A ce sujet, il ne faut délaisser aucun support, ni les petits ni les gros, et surtout pas l'Internet. La toile fait naître les rumeurs dans une surenchère parfois incroyable et incontrôlable de l'information. Ennemi numéro un de la communication d'entreprise, le Net peut aussi devenir une arme redoutable pour lutter contre une crise.
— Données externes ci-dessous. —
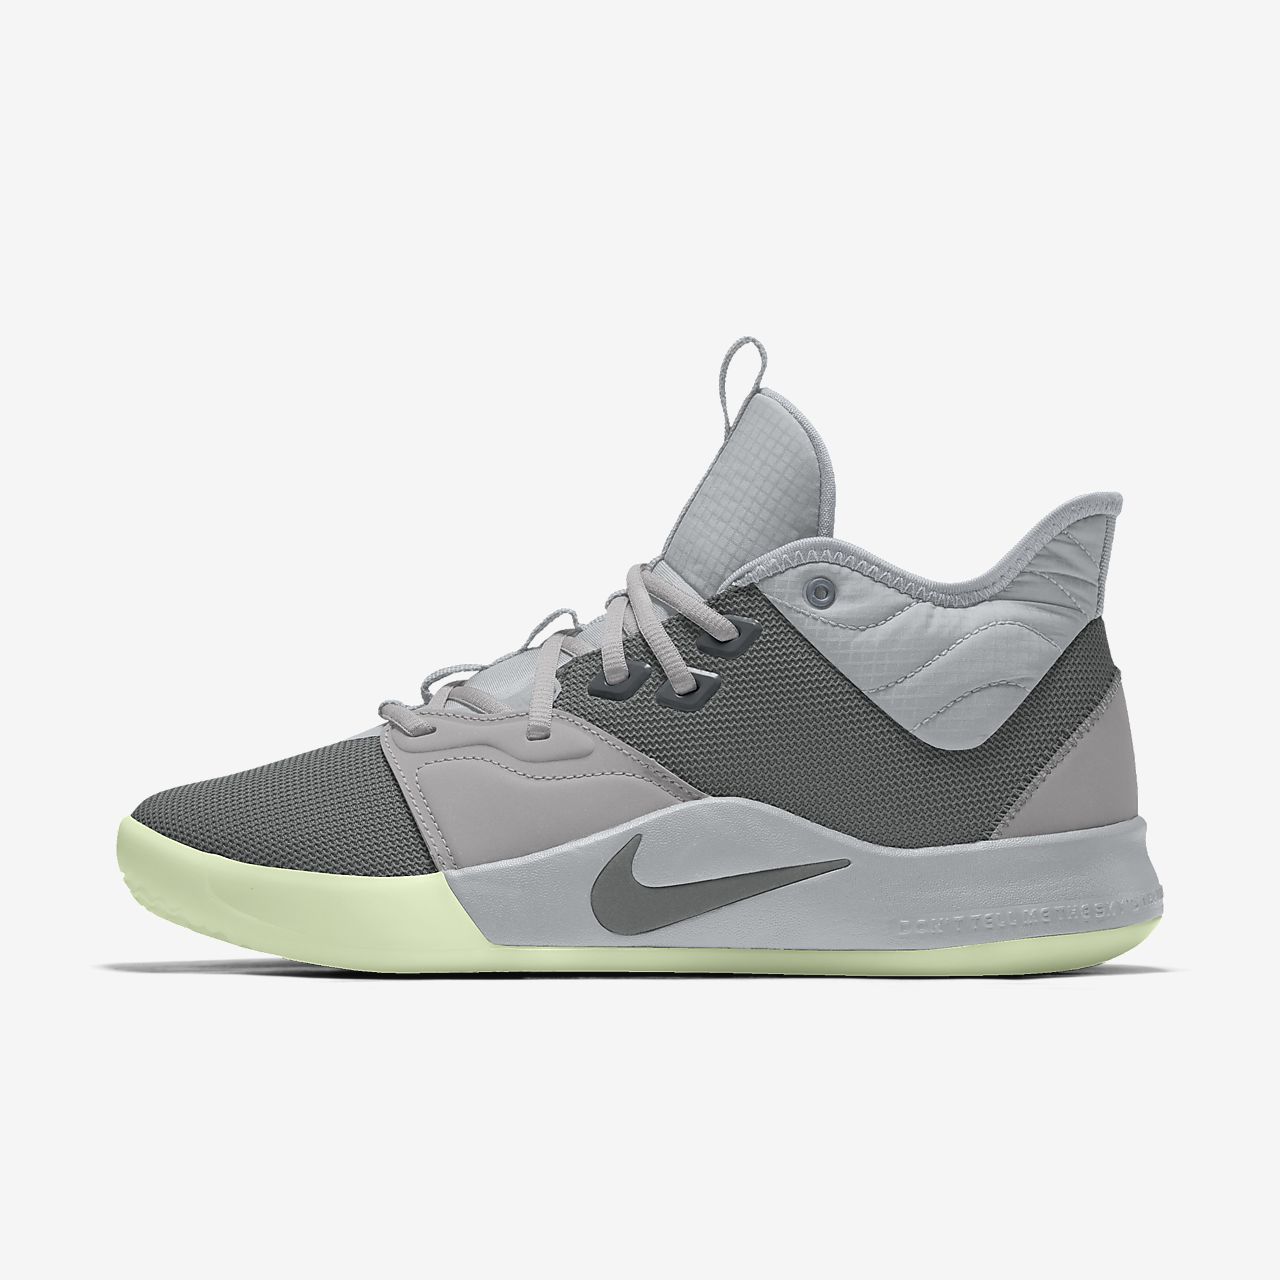 PG 3 By You Custom Basketball Shoe. Nike SI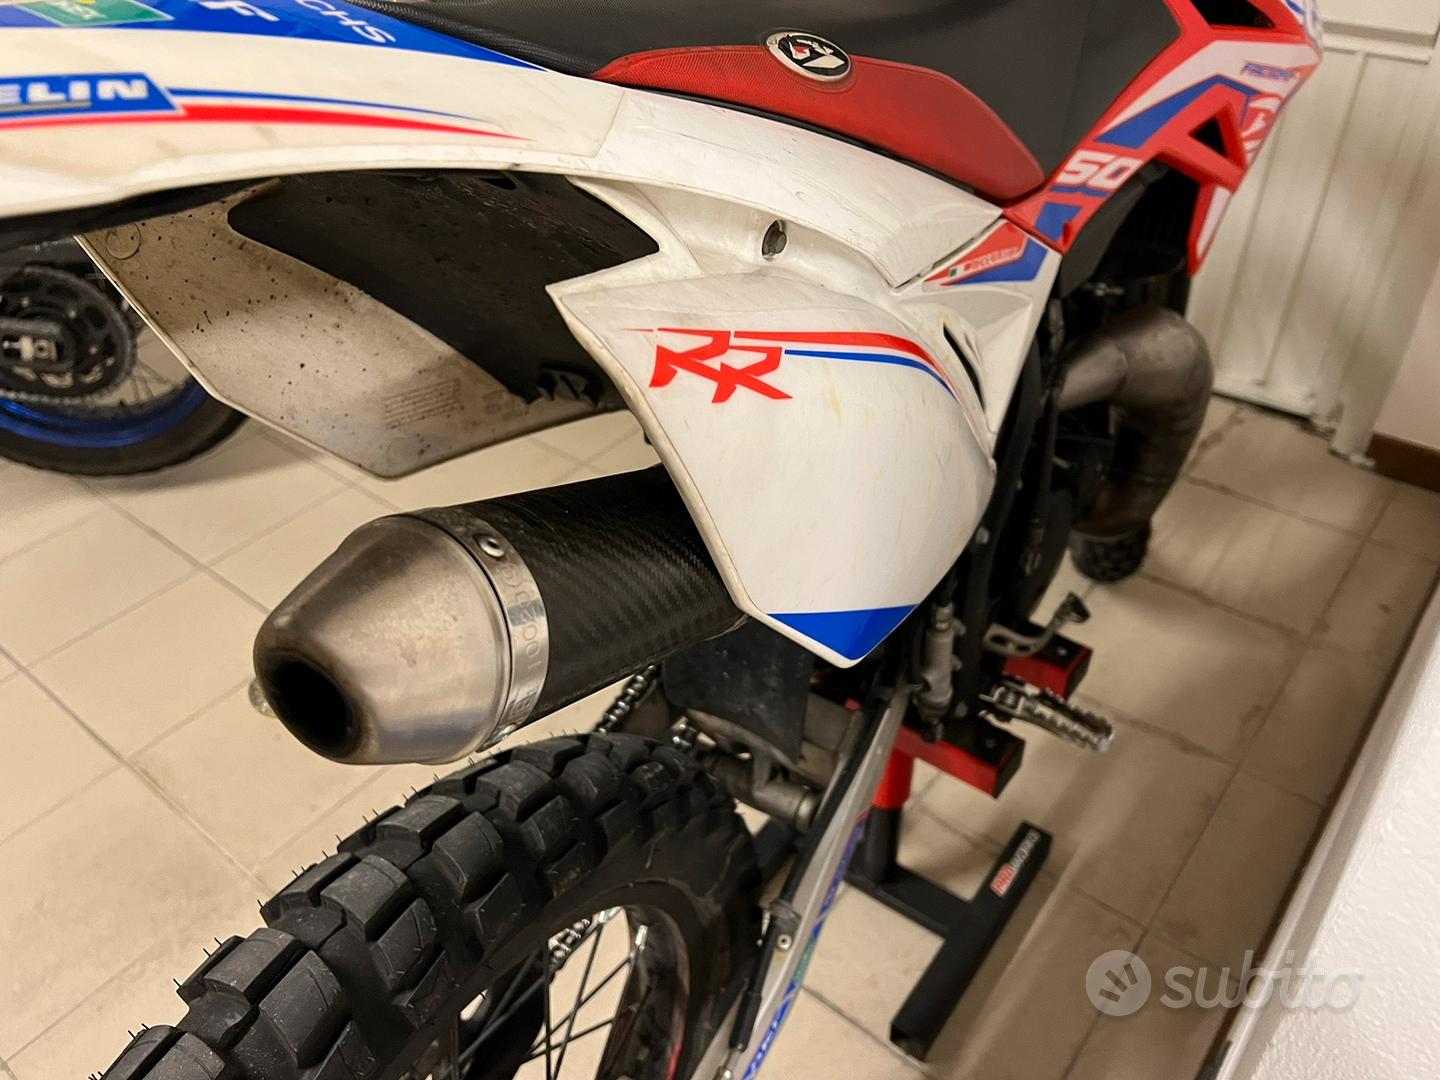 Beta rr 50 sport - Moto e Scooter In vendita a Vicenza

Chez Financial Dynamics, Nina Mitz renchérit : « il faut faire de la pédagogie. Il est difficile sur Internet de taire une rumeur multiforme et anonyme, mais le moyen de contrer une fausse information, c'est de transmettre la bonne info de la manière la plus transparente possible. Ce serait une erreur et une faiblesse de ne pas tenir compte du potentiel du Net. » Le réseau offre de nouvelles possibilités en matière de communication de crise, notamment grâce à l'existence, insoupçonnée, de sites « invisibles » de réponses spécifiques, préconçus, prêts à servir et à être activé en cas de problème majeur.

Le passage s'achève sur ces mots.